158

I am trying to find out the size/shape of a DataFrame in PySpark. I do not see a single function that can do this.

In Python, I can do this:

data.shape()

Is there a similar function in PySpark? This is my current solution, but I am looking for an element one

row_number = data.count()
column_number = len(data.dtypes)

The computation of the number of columns is not ideal...

ItsMe
  • 395
  • 2
  • 13
Xi Liang
  • 1,649
  • 3
  • 10
  • 5

5 Answers5

253

You can get its shape with:

print((df.count(), len(df.columns)))
yatu
  • 86,083
  • 12
  • 84
  • 139
George Fisher
  • 3,046
  • 2
  • 16
  • 15
80

Use df.count() to get the number of rows.

Tshilidzi Mudau
  • 7,373
  • 6
  • 36
  • 49
VMEscoli
  • 1,192
  • 1
  • 10
  • 20
55

Add this to the your code:

import pyspark
def spark_shape(self):
    return (self.count(), len(self.columns))
pyspark.sql.dataframe.DataFrame.shape = spark_shape

Then you can do

>>> df.shape()
(10000, 10)

But just remind you that .count() can be very slow for very large table that has not been persisted.

Louis Yang
  • 3,511
  • 1
  • 25
  • 24
  • 5
    I really think it's a bad idea to change the DataFrame API, without a valid reason to do so. just call `spark_shape(my_df)`... Moreover, possibly name the function something clearer like `compute_dataframe_shape`... – Davide Aug 10 '22 at 13:50
  • This tip is for data scientists or data analysts who have to constantly type those command every day multiple times when they do analysis on data.
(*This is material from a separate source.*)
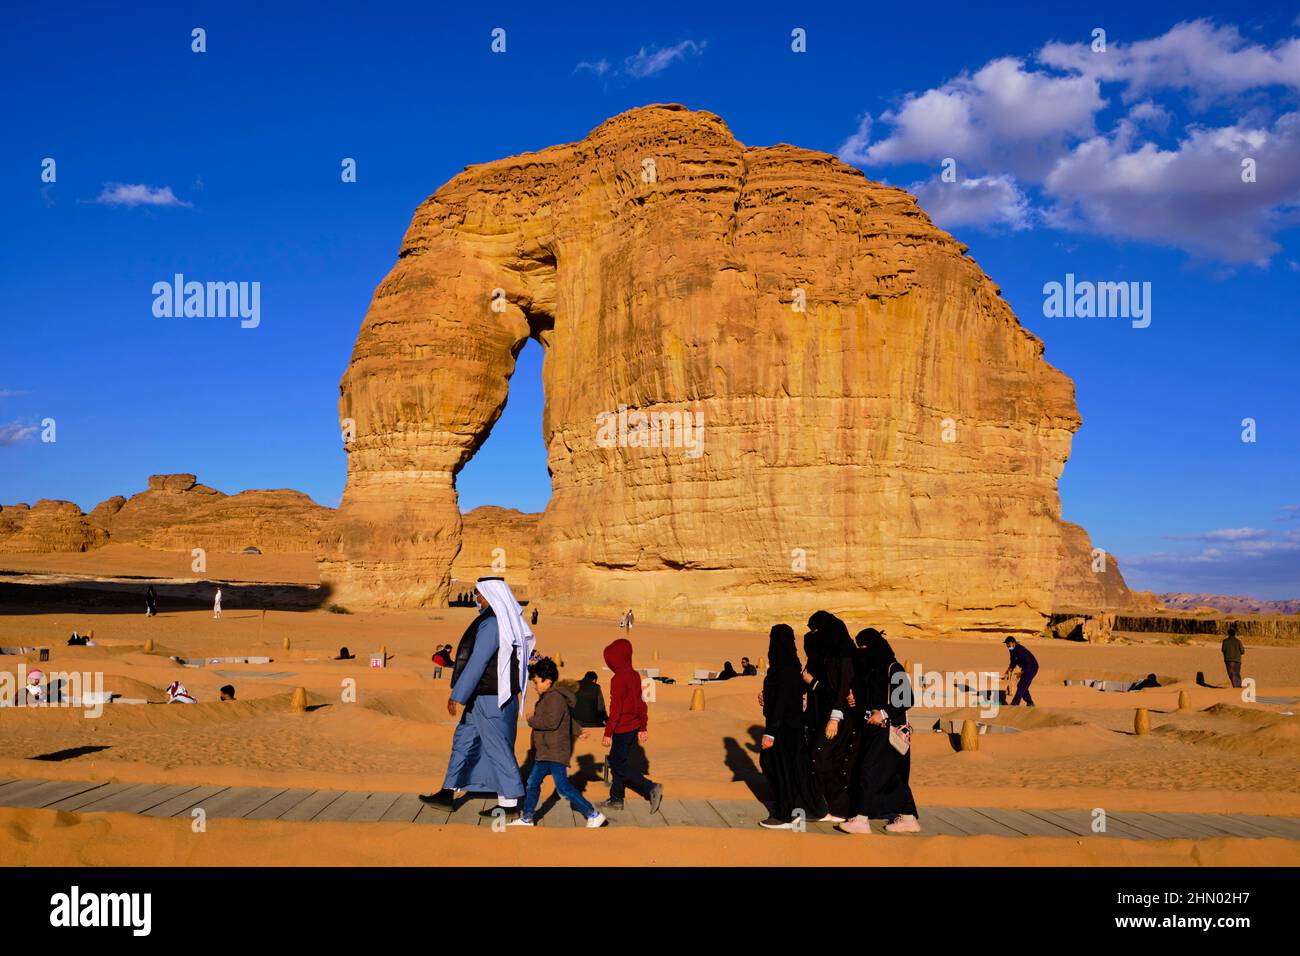 Saudi Arabia, Al Madinah Region, AlUla or Al Ula, Elephant rock, touristical site Stock Photo

It is not for better engineering perspective or production code. – Louis Yang Sep 05 '22 at 09:07
12
print((df.count(), len(df.columns)))

is easier for smaller datasets.

However if the dataset is huge, an alternative approach would be to use pandas and arrows to convert the dataframe to pandas df and call shape

spark.conf.set("spark.sql.execution.arrow.enabled", "true")
spark.conf.set("spark.sql.crossJoin.enabled", "true")
print(df.toPandas().shape)
Venzu251720
  • 177
  • 1
  • 2
  • 17
    Isn't .toPandas an action? Meaning: isn't this going to collect the data to your master, and then call shape on it? If so, it would be inadvisable to do that, unless you're sure it's going to fit in master's memory. – ponadto Apr 06 '20 at 16:57
  • 8
    If the dataset is huge, collecting to Pandas is exactly what you do NOT want to do. Btw: Why do you enable cross join for this? And does the arrow configuration help collecting to pandas? – Melkor.cz Aug 27 '20 at 11:49
4

I think there is not similar function like data.shape in Spark. But I will use len(data.columns) rather than len(data.dtypes)

YungChun
  • 105
  • 5